Regarding the "average user browsing experience", you run into a number of factors that are not just popularity based. Say a user browses to CNN's web site, that is a very popular web site, sure...but what about popular browsing flows? (I haven't seen any data on this, so forgive) One way to view an average user's experience could be as a series of website categories visited. Say, a typical chain is represented by a browsing session 10 sites long. That chain might include 2 news sites, followed by a series of 4 blogs, 1 entertainment site, followed by a banking site, an online comic and a personals site. One could build statistics profiles based on what is encountered in the aggregate of the top 10 sites in each category, or even narrowed further by country. The variables tend to make the head swim. In sum, there are many ways to build an "average" experience, each one with some interesting validity.

So, I'm not sure in this loooong response if I've really answered your questions well enough to satisfy, but I can promise that the URL set does need some polishing, adding and additional metadata, and that it is all definitely on the to-do list.

By scipio anchor Sunday, 2. November 2008, 22:05:04

avatar

Originally posted by blooberry:

So, I'm not sure in this loooong response if I've really answered your questions well enough to satisfy, but I can promise that the URL set does need some polishing, adding and additional metadata, and that it is all definitely on the to-do list.

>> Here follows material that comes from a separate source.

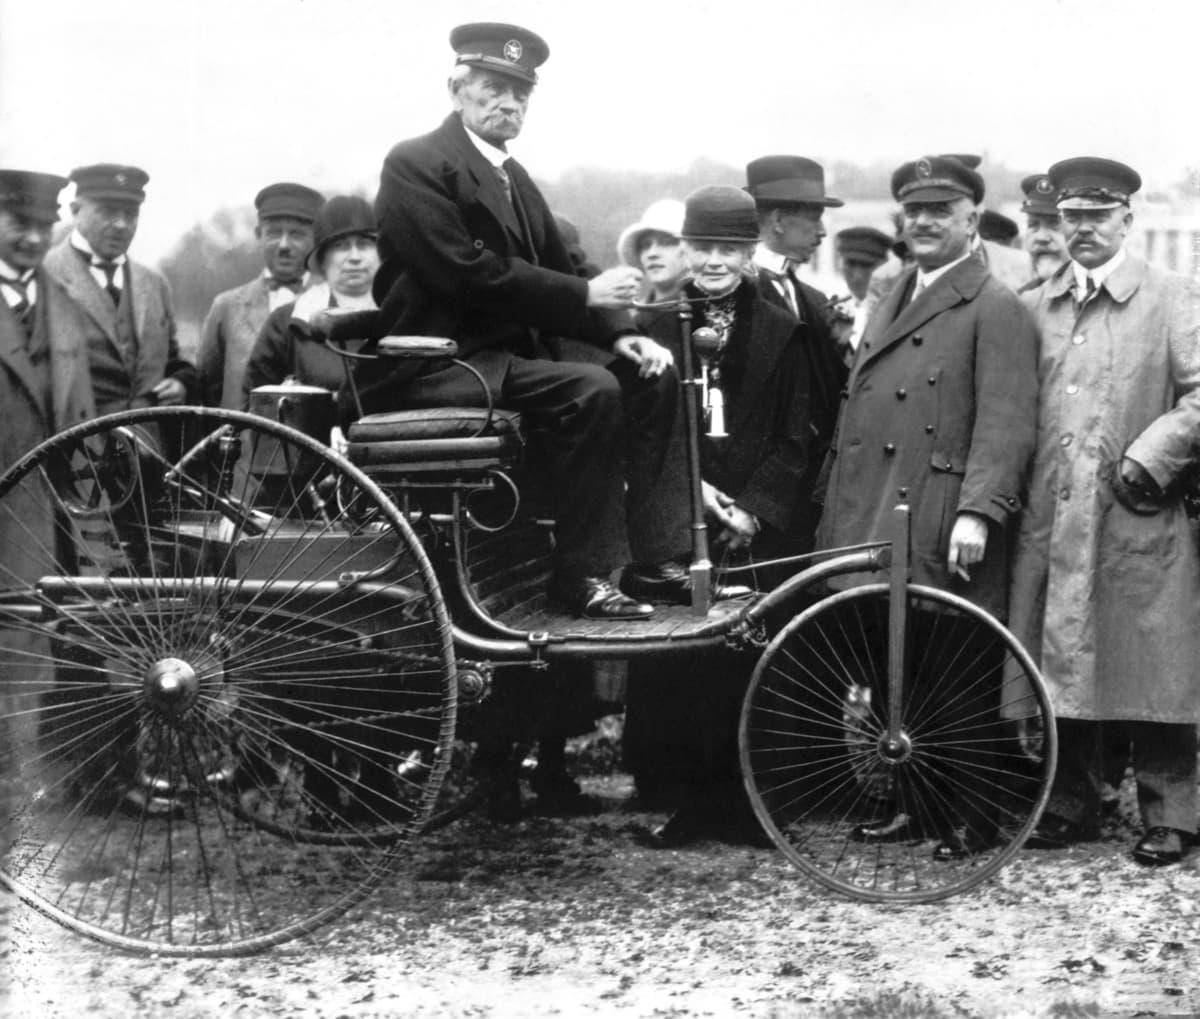 なんと100年前から存在した! ハイブリッド車と電気自動車がもつ「これからの」可能性とは
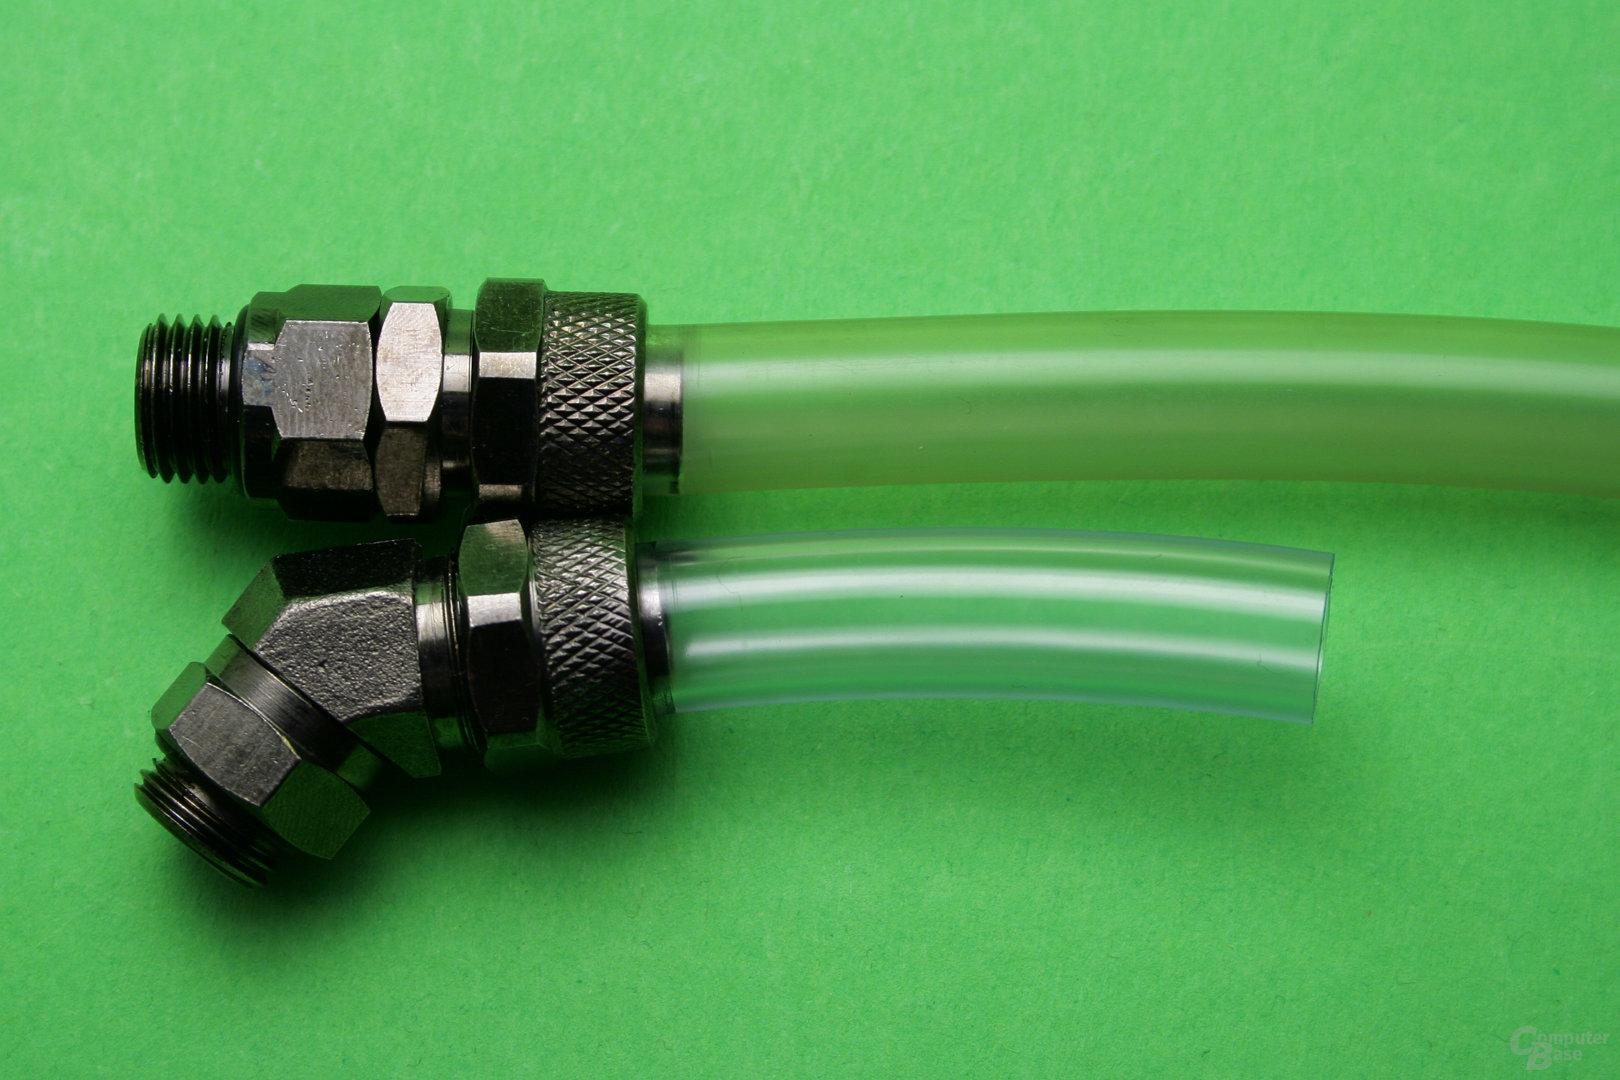 Transparenter 13/10 PVC-Schlauch: Neu (unten) und nach längerem Einsatz (oben)

Thanks for your reply. I guess your article invited readers (me at least) to think about the URL selection so I raised a few points I thought were relevant. Your response shows you've spent much more time thinking about it, so I can only say: keep up the good work. :smile:

By dantesoft anchor Tuesday, 27. January 2009, 18:10:14

avatarAlexa offers a free download with the top 1,000,000 sites http://www.alexa.com/site/ds/top_sites?ts_mode=global

By blooberry anchor Thursday, 29. January 2009, 19:42:25

avatar

Originally posted by dantesoft:

Alexa offers a free download with the top 1,000,000 sites

I'm actually already integrating that into the next crawl, but thanks for the suggestion...it is spot on! It looks like MAMA already had surveyed about 25% of those Alexa domains via the DMoz URL set (I was surprised that the number was so low).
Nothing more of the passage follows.